(Beginning of ENTRIES PROVIDED)
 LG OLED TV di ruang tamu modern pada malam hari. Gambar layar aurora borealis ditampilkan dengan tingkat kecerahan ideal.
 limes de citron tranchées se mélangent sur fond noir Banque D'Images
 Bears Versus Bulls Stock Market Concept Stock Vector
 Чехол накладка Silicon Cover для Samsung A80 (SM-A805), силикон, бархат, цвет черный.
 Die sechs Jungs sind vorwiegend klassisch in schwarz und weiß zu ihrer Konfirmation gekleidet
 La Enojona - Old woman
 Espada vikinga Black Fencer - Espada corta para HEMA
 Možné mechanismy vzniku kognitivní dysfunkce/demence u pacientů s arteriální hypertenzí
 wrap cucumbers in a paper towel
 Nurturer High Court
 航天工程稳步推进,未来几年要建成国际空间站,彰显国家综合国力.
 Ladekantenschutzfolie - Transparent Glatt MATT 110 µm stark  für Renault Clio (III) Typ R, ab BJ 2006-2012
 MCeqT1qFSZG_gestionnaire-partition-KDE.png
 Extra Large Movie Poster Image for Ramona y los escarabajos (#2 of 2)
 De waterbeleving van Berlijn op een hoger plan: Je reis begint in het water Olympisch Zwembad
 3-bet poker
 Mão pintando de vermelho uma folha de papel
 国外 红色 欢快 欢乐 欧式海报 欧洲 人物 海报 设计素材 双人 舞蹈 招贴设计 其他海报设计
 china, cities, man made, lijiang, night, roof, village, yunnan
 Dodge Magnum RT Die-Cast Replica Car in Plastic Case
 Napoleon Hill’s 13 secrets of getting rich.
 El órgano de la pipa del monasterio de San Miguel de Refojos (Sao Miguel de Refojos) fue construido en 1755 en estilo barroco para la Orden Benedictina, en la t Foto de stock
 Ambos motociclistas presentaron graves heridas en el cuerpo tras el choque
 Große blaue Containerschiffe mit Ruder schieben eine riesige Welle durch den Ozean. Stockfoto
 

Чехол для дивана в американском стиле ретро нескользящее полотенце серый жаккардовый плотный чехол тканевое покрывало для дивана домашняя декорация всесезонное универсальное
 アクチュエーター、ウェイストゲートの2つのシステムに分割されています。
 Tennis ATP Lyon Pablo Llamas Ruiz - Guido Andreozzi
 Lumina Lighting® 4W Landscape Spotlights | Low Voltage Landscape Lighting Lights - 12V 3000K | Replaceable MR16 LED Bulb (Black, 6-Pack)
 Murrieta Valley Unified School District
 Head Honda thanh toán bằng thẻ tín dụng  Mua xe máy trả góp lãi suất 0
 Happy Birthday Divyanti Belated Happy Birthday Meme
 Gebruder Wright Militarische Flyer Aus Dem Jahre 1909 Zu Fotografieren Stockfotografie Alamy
(End of ENTRIES PROVIDED)
## PROMPT:
When a line in the material above holds the word "Black", copy that line.

## EXERCISE OUTPUT:
 Espada vikinga Black Fencer - Espada corta para HEMA
 Lumina Lighting® 4W Landscape Spotlights | Low Voltage Landscape Lighting Lights - 12V 3000K | Replaceable MR16 LED Bulb (Black, 6-Pack)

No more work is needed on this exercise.